Facebook posts were reply to propaganda against Islamic State: migrant

VANCOUVER – Facebook posts that allegedly supported lone-wolf terrorist attacks were part of a mission to counter the western media’s propaganda machine against the Islamic State group, a British Columbia man says.

Othman Hamdan told an Immigration and Refugee Board hearing Wednesday that mainstream journalists were reporting a one-sided account of a United States-led alliance of western and Middle Eastern countries that began air strikes against the Islamic State group, also known as Daesh, in August 2014.

“The alliance was being defeated,” the construction worker from Fort St. John told the board about his posts from early 2015, before he was arrested in July that year on charges of encouraging murder, assault and mischief for terrorist-related purposes, and for encouraging others to carry out a terrorist act.

Hamdan was acquitted following a trial in B.C. Supreme Court that focused on 85 Facebook posts but immigration officials then arrested him on grounds that he posed a danger to Canadians.

The board is now trying to determine whether he will be deported to Jordan over security risks. An RCMP officer from the force’s national security division has already testified Hamdan was becoming radicalized by the Islamic State group.

Hamdan sought refugee status in Canada after moving in July 2002 from the United States, where he said he studied electrical engineering and faced discrimination following the 9/11 terror attacks in 2001.

He said he had a right to discuss political views on Facebook, starting in 2014, when he used satire, parodies and cartoons to highlight the hypocrisy of western powers, including the United States, under then-president Barack Obama.

“Obama was saying, ‘I’m not going to put boots on the ground but he was slowly getting involved,’ ” Hamdan said.
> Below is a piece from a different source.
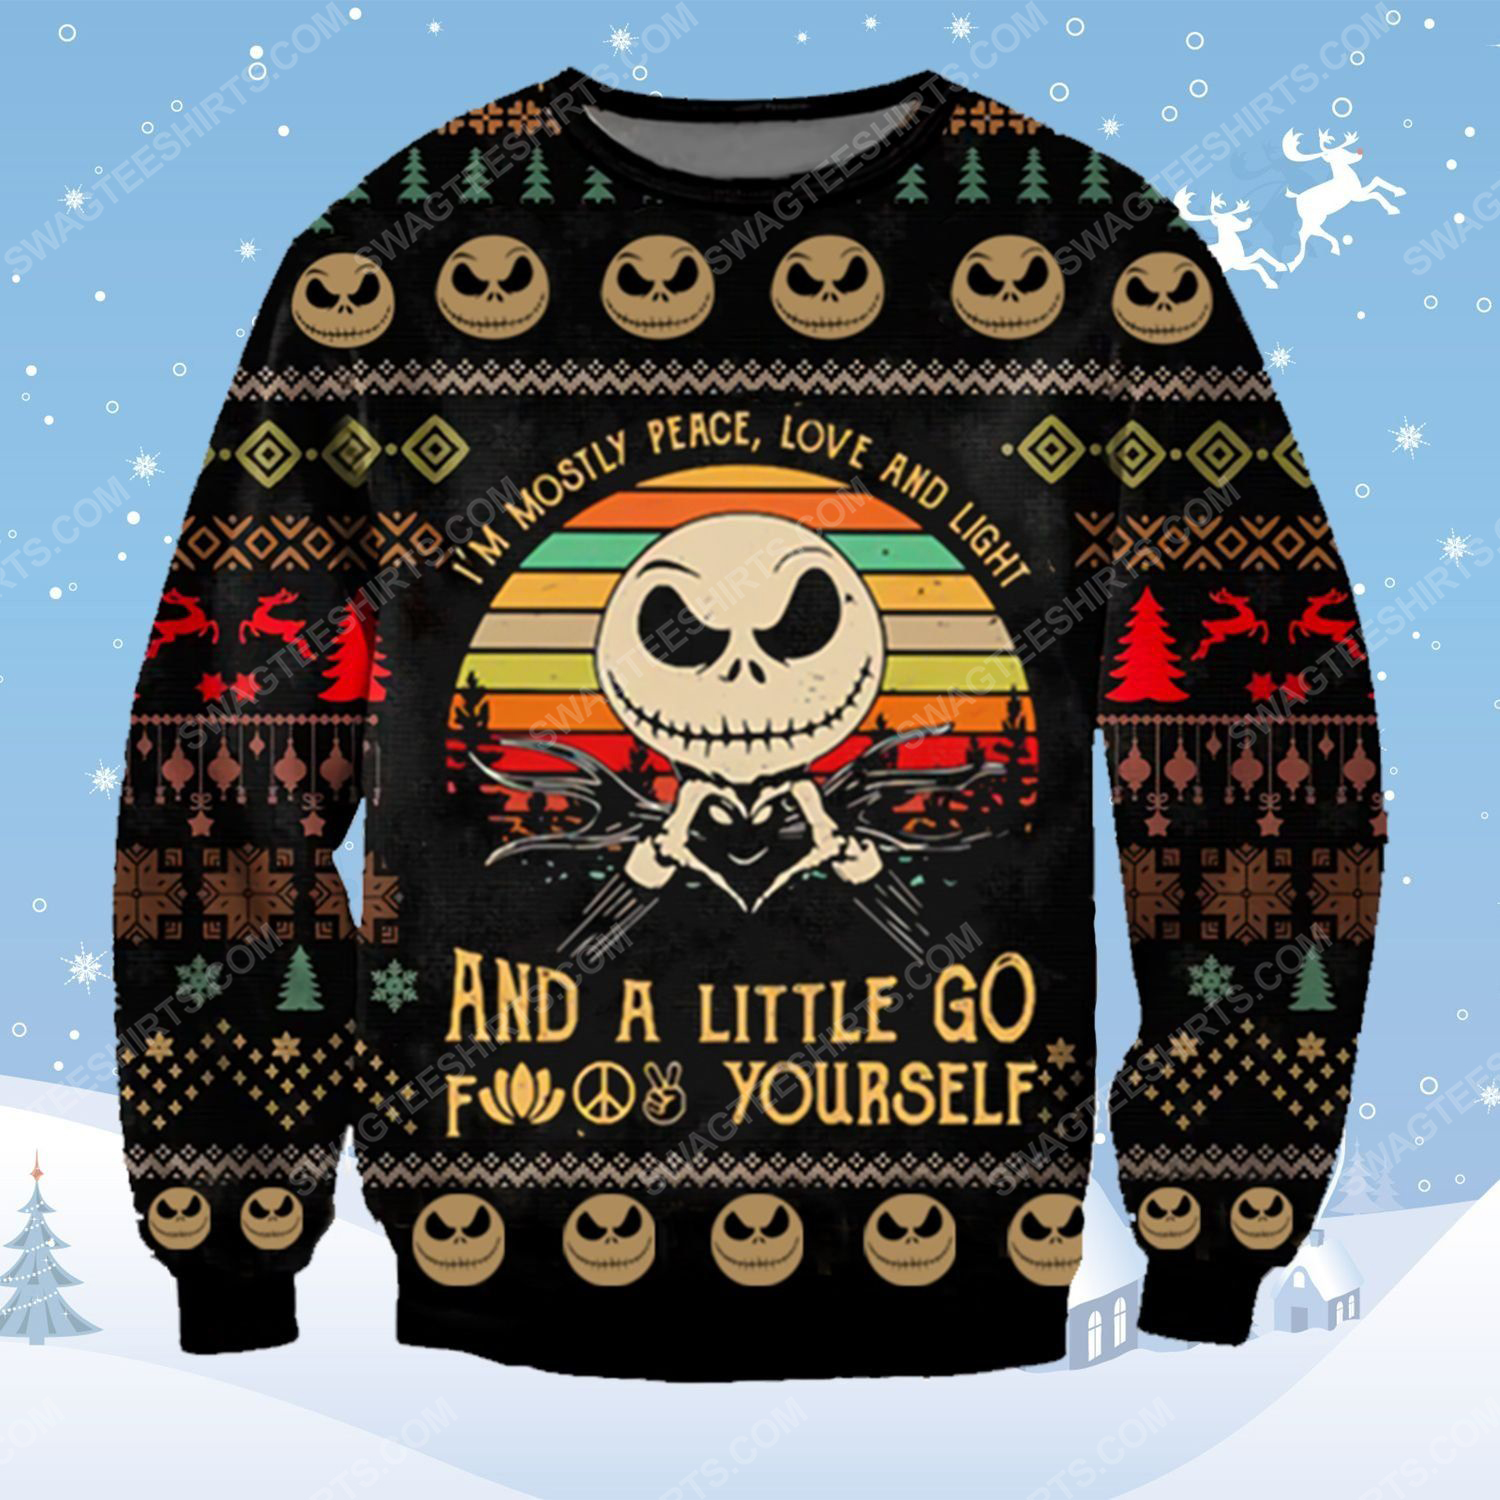 Jack skellington i'm mostly peace love and light ​ugly christmas sweater - Copy (2)
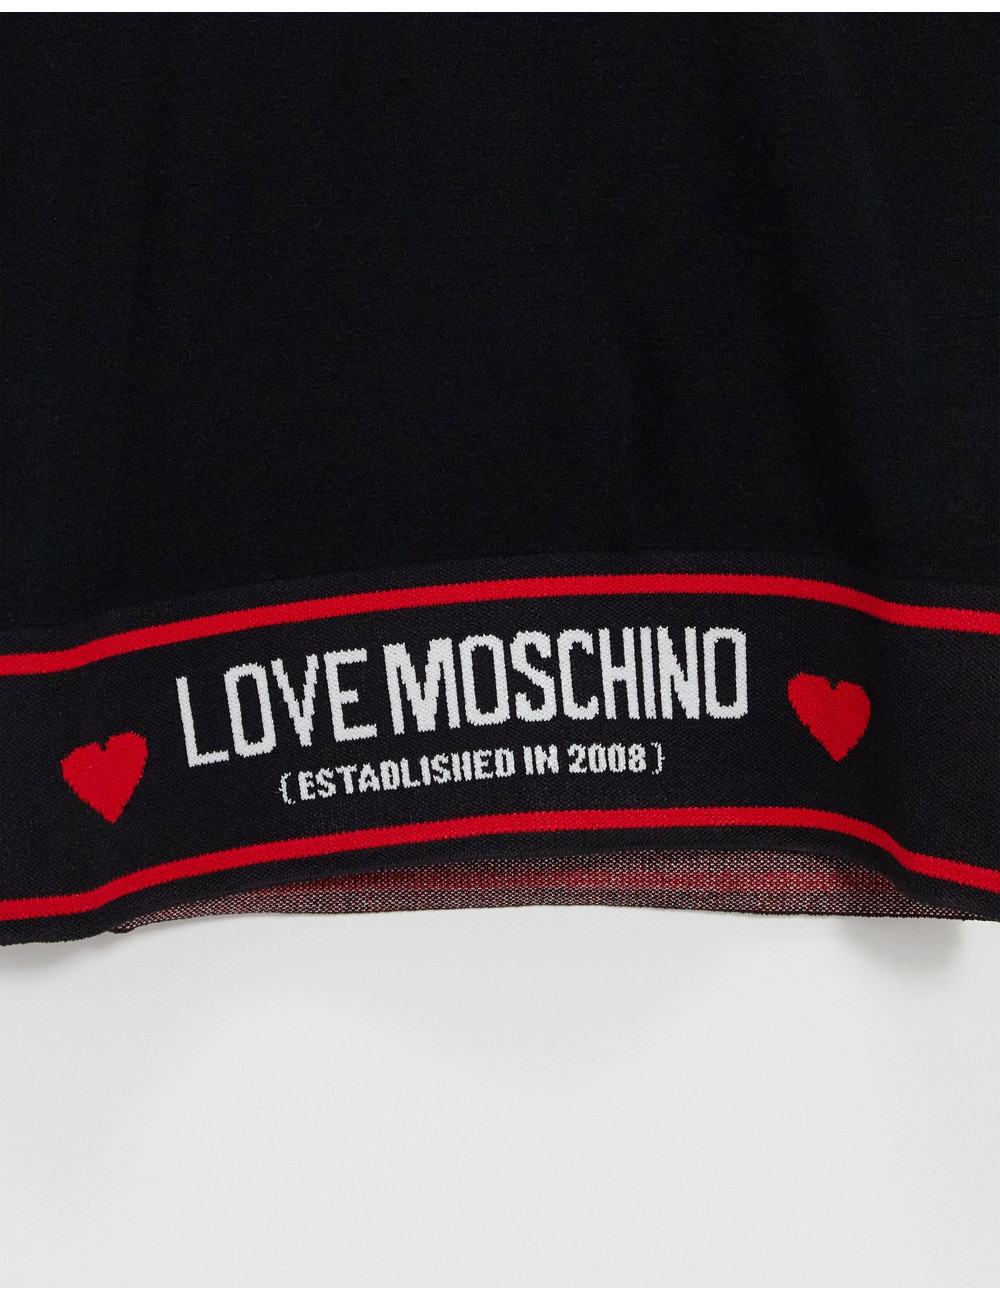 Love Moschino fascia logo...

He also blamed then-prime minister Stephen Harper for a lone-wolf attack in Ottawa in October 2014, saying “arrogant” policies led to bloodshed in Canada.

A March 2015 post promoted “killing methods such as slitting their throats or shooting using a silencer and killing using poison and killing by choking.”

Other posts also supported lone attackers using vehicles to run over people or to shoot from before making a quick escape.

His charter right to freedom of expression meant he didn’t do anything wrong, Hamdan said.

“While I was writing these pages I thought I was engaged in a political debate and I thought freedom of expression meant I didn’t have to explain every single word,” he said as his lawyer, Peter Edelmann, asked him about various posts.

In a May 2015 post, he wrote: #Islamic State. I am one of them.”

“It doesn’t mean I a member of ISIL,” Hamdan said, referring to Islamic State of Iraq and the Levant.

He blamed “stupid Facebook” for suspending and then deleting his accounts over graphic violence, prompting him to repeatedly create new accounts and write a letter to Facebook, which amounted to an “intimidation attempt” that went “a little over the top,” he said.

“I was just reacting, angry at them and saying, ‘Look, you really didn’t have a reason to ban my account.’ “

“You’ll see us in your nightmares,” he said quoting the letter, adding he also suggested Facebook employees would be harmed.

Hamdan said his aim was to protect his rights and those of “hundreds, thousands” of others who may have had the same experience, though he believed he was among one per cent who actually retaliated.